Apologetics

The QOTD, on Christian apologetics:

Still (comes the reply), can’t we discover for ourselves, without any special divine aid or assistance, that the Bible (the New Testament, say) is in fact ‘from God’; divinely inspired in such a way that God speaks to us in it and through it, and hence wholly reliable? Can’t we come to see this in the same way that we can learn that Herodotus and Xenophon are reasonably reliable reporters of what they hear and see? And once we see that, couldn’t we then infer that the Bible’s central message of incarnation and atonement is true? Can’t we see and appreciate the historical case for the truth of the main lines of Christian belief without any special work of the Holy Spirit? ‘You must be born again’ all right - your affections, aims, and intentions must be re calibrated, redirected, reversed - and that requires special divine help. But given that recalibration, couldn’t you then see and appreciate the historical case for the truth of the main lines of Christianity without any special work of the Holy Spirit?

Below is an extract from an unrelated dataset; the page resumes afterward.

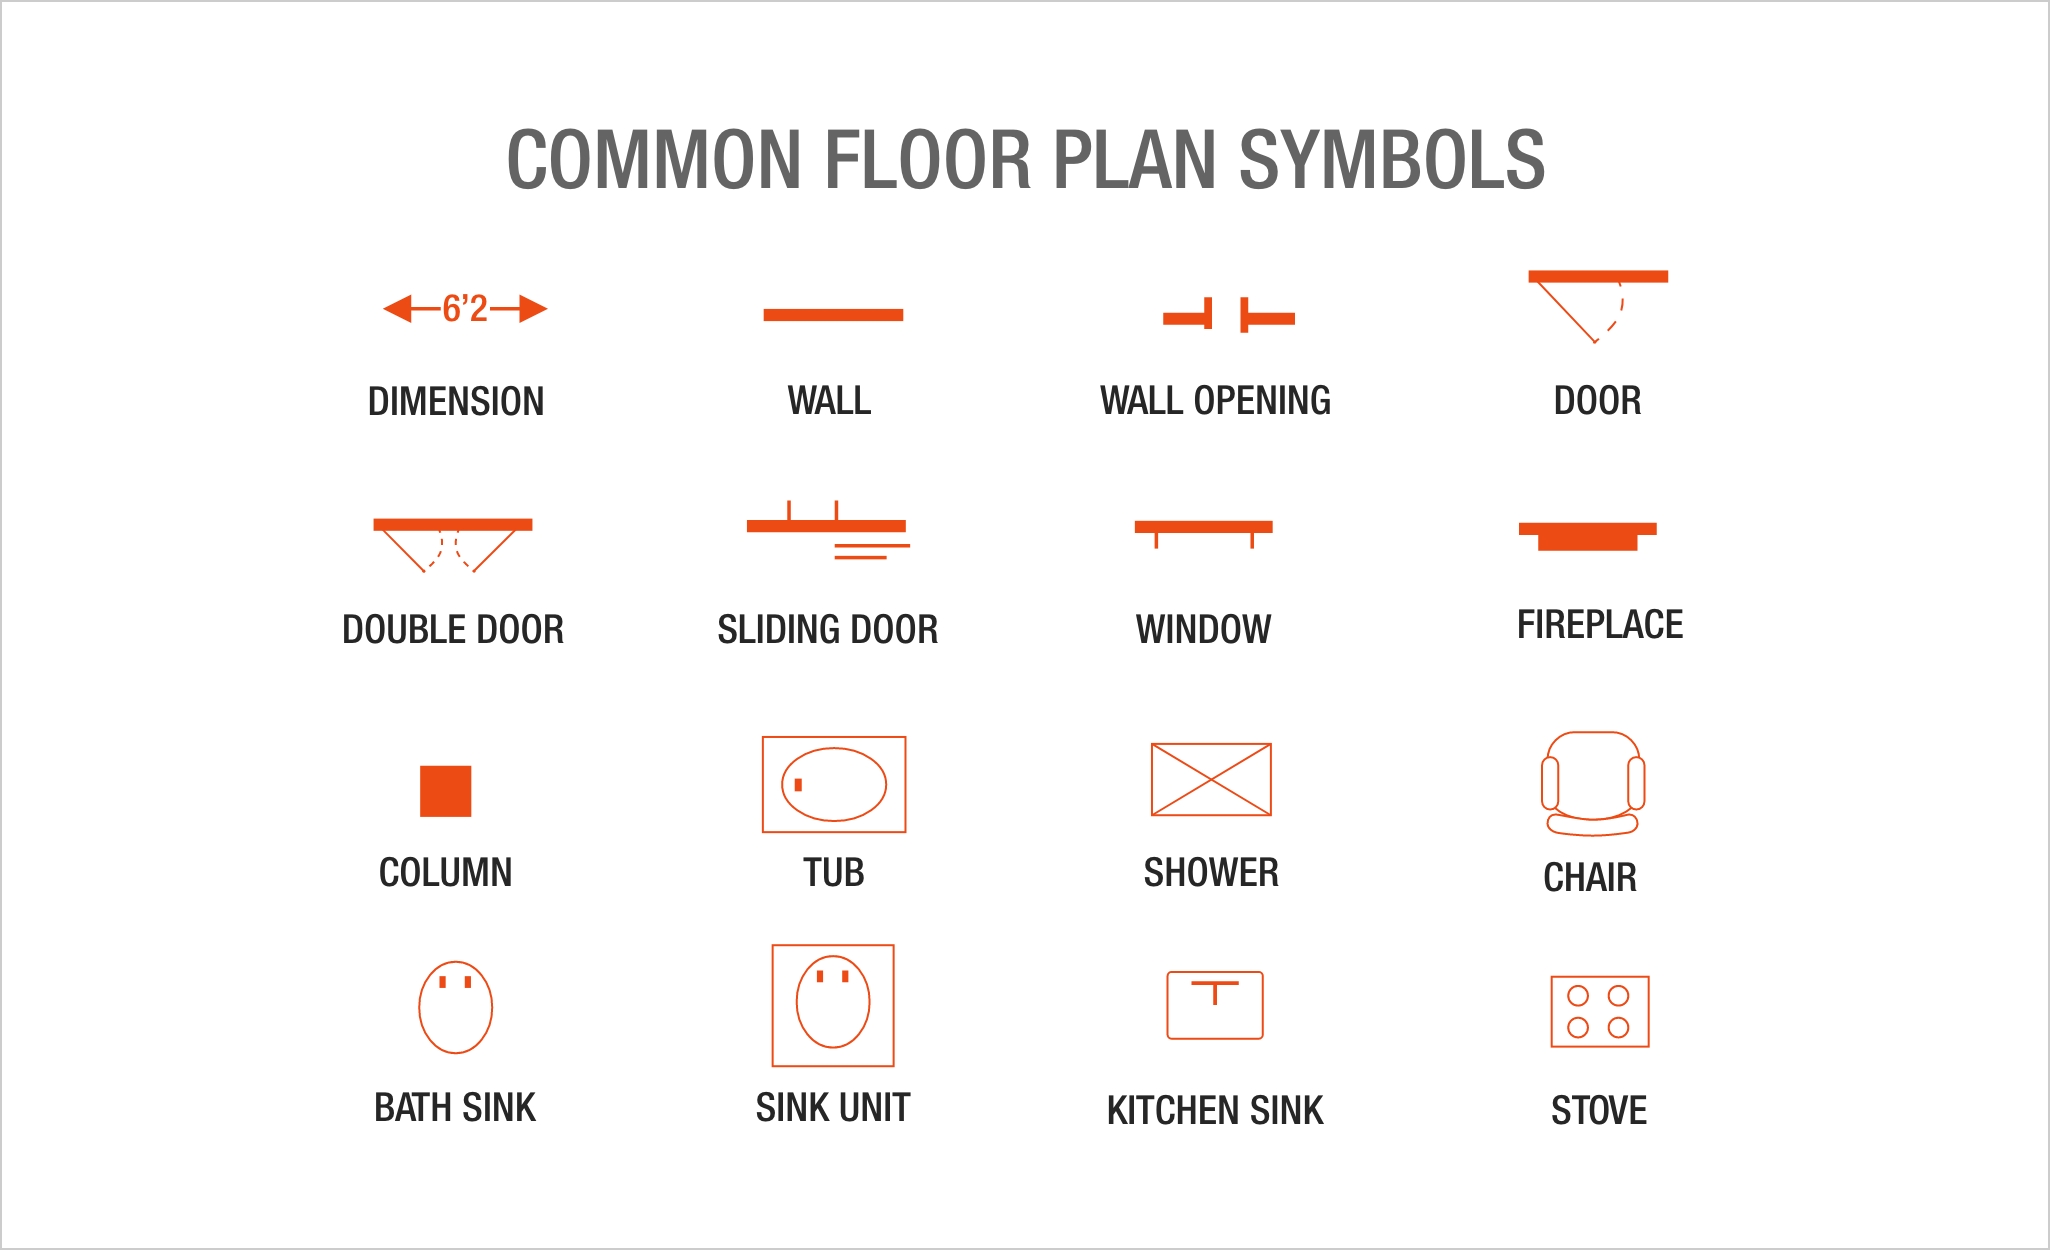 Common floor plan symbols.
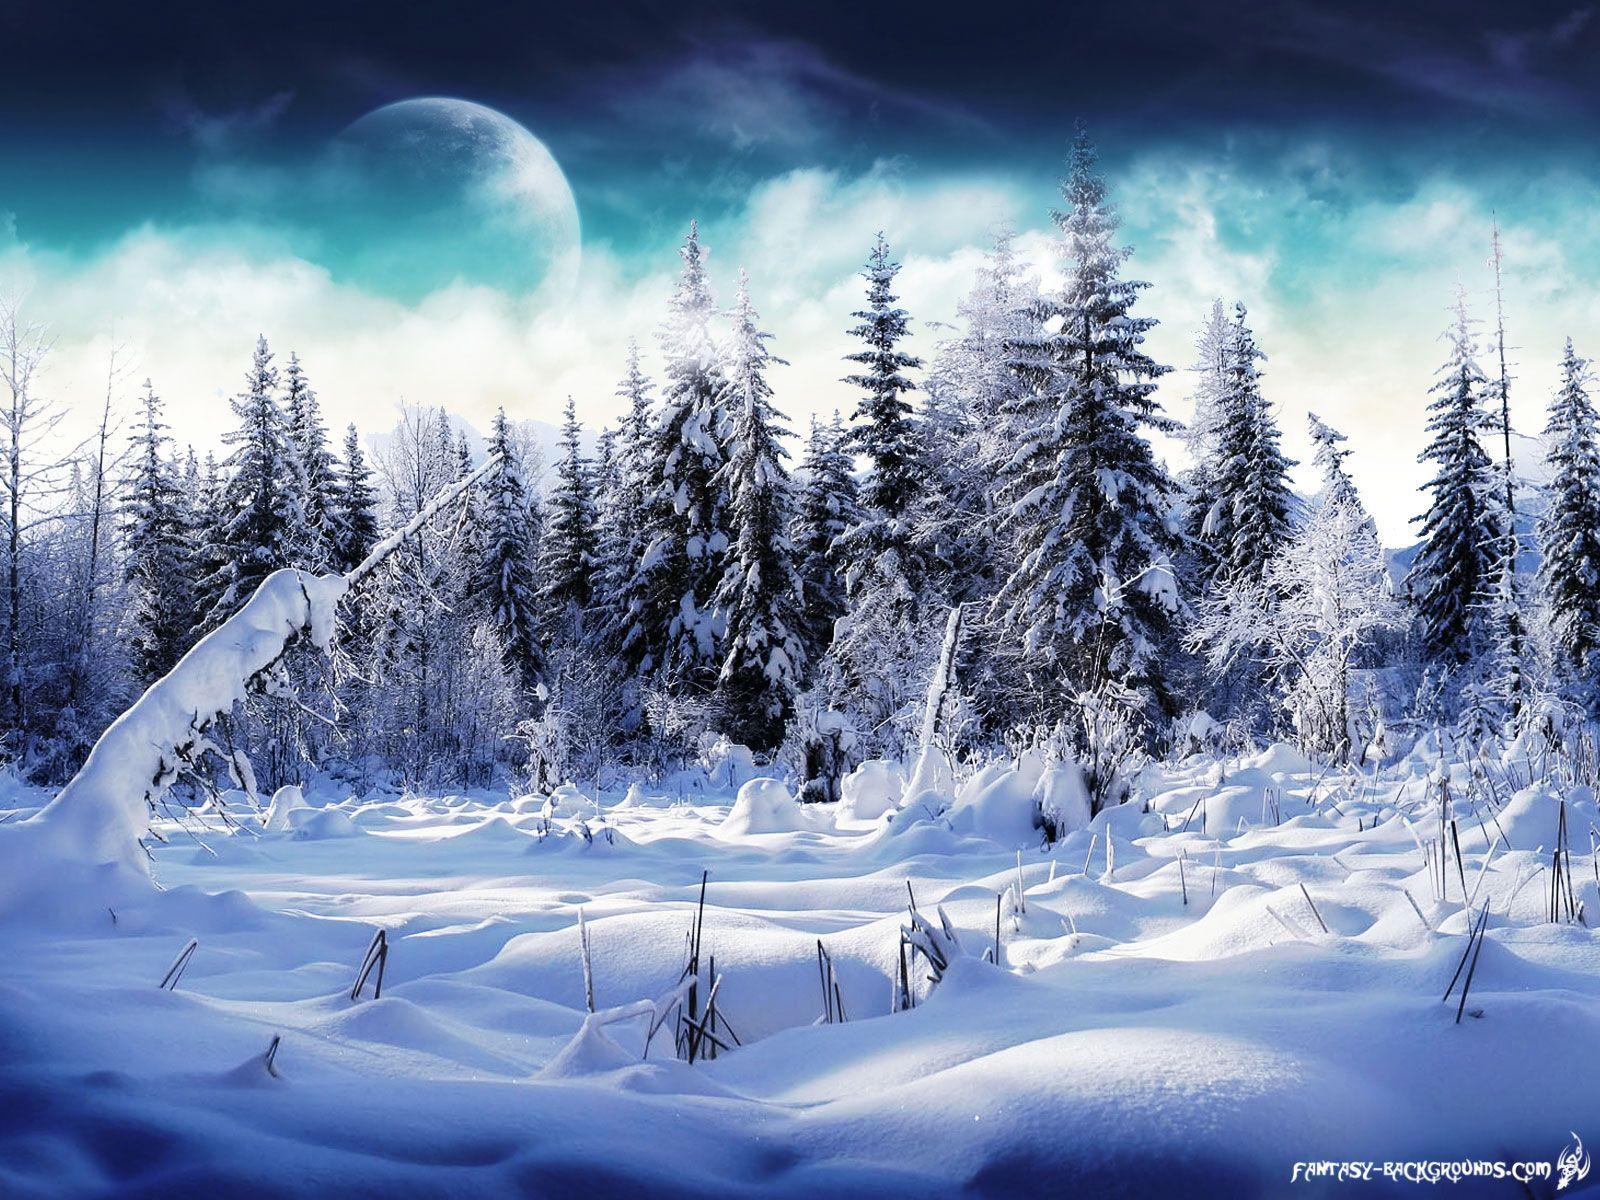 Winter Wonderland Background Image & Picture

I don’t think so. Even discounting the effects of sin on our apprehension of the historical case, that case isn’t strong enough to produce warranted belief that the main lines of Christian teaching are true - at most, it could produce the warranted belief that the main lines of Christian teaching aren’t particularly improbable.”

– Alvin Plantinga, Warranted Christian Belief (available online for free, here), pg. 244-45.